The other consequence of our internal glitch is our urge to halt and codify what we’ve discovered in order to defend it. Having “the truth” requires that we all agree on exactly what that is. We can become standard-bearers who care more about the rules than about each other. Or, we may also become dependent on church leaders or doctrines to do our moral-reasoning for us.
Relying on God
Just as the best intentions of addicts and codependents can lead to behavior that is hurtful and wrong, the best intentions of church members and leaders can hurt, wound and deceive us. The fourth step of 12-Step Recovery leads its participants through a “fearless and searching moral inventory,” a practice that is sustained as a life habit in step ten.
The point of this inventory is not to harm, criticize, or punish ourselves for our past mistakes. We aren’t defined by our mistakes unless we continue to embrace them. Instead of defending what we’ve done and trying to justify it, we examine choices gently and truthfully. This allows us to see, learn, and grow beyond our past wrongs, and to make amends to those we’ve harmed.
It is this habit of honest self-examination that would most benefit the church.
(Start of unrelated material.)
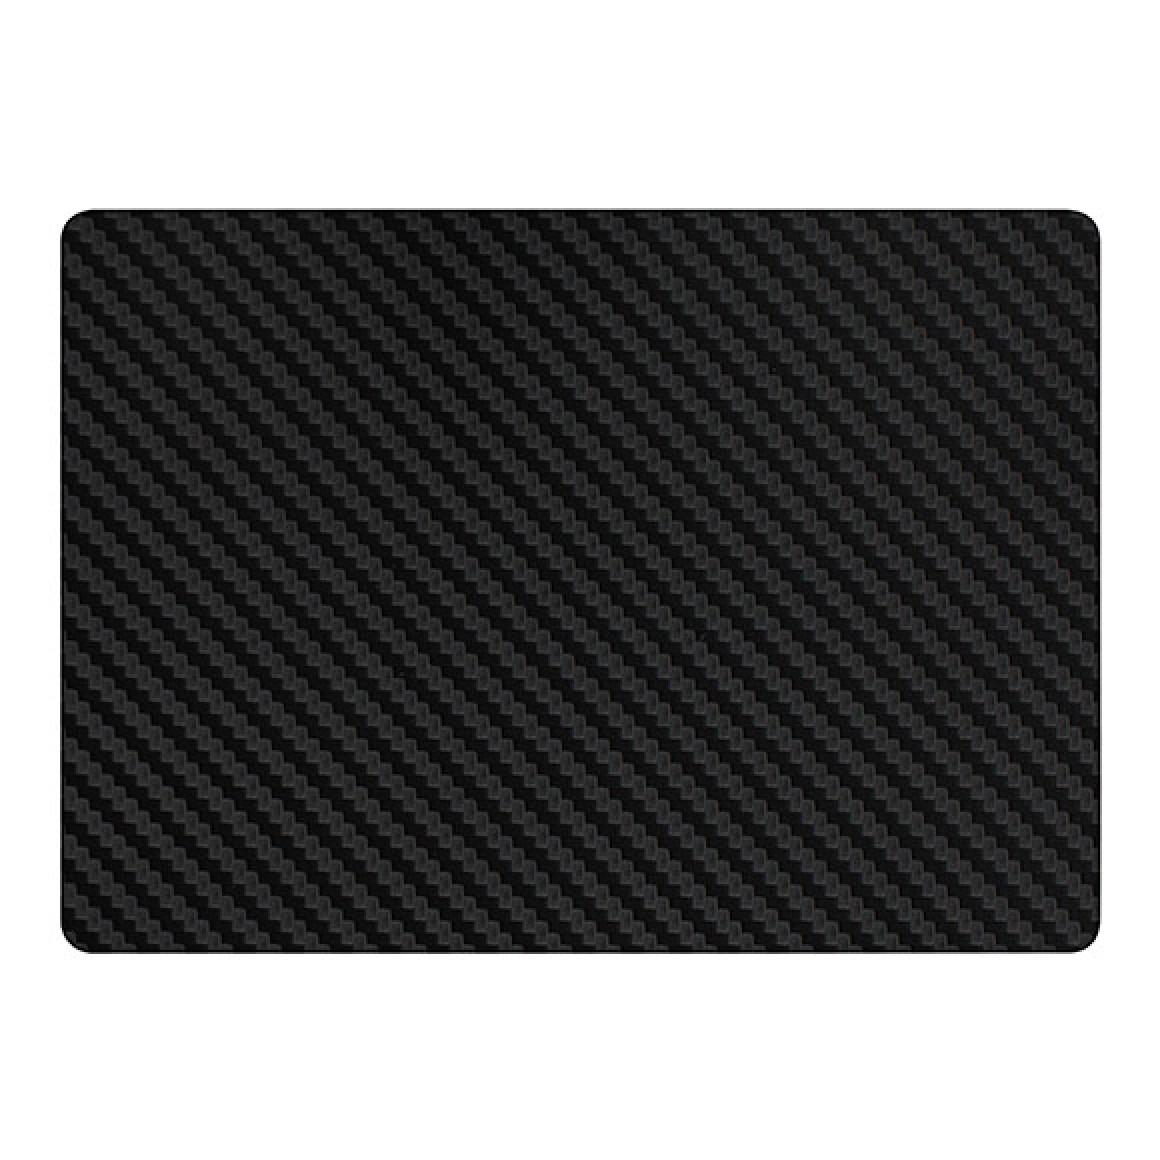 Adesivo Fibra Carbono Para Magic Trackpad 2 2015 A1535

People hurt by the church, by bad policies, beliefs, neglect, or outright abuse might have room to heal.
Instead, we see extreme pushback and defensiveness from church leadership when asked for a “fearless and searching moral inventory.”
A moral inventory might shed light on two important areas.
First, that all our best intentions have still led us to this place where the opinions and authority of our leaders are weighted to rival God’s.
Second, that our claim to have and know all “truth” separates rather than connects people to God. Telling church members what we as Adventists will believe on pain of expulsion (or encouragement to resign) is the opposite of compassion, and amplifies the problem.
Two of the most damaging responses fueling addictions and dysfunction are denial and shame. We seem intent upon denying the possibility that our zeal for our answers and beliefs may be replacing our reliance on God. What makes this worse is the shaming of anyone’s pointing out the need to grow and change.
Jesus asked the religious leaders of his day to make significant changes to their beliefs and traditions, and promised, “You will know the truth, and the truth will make you free” (John 8:31-32 NRSV).
It’s a promise of peace that sounds good to my resolution-weary soul.
Shelley Curtis Weaver lives in coastal Washington state. She is a clay-artist, writer, wife, mother, grandmother, and a frequenter of Columbia River crossings. She has edited and contributed to The Journey to Wholeness addiction recovery curriculum from AdventSource.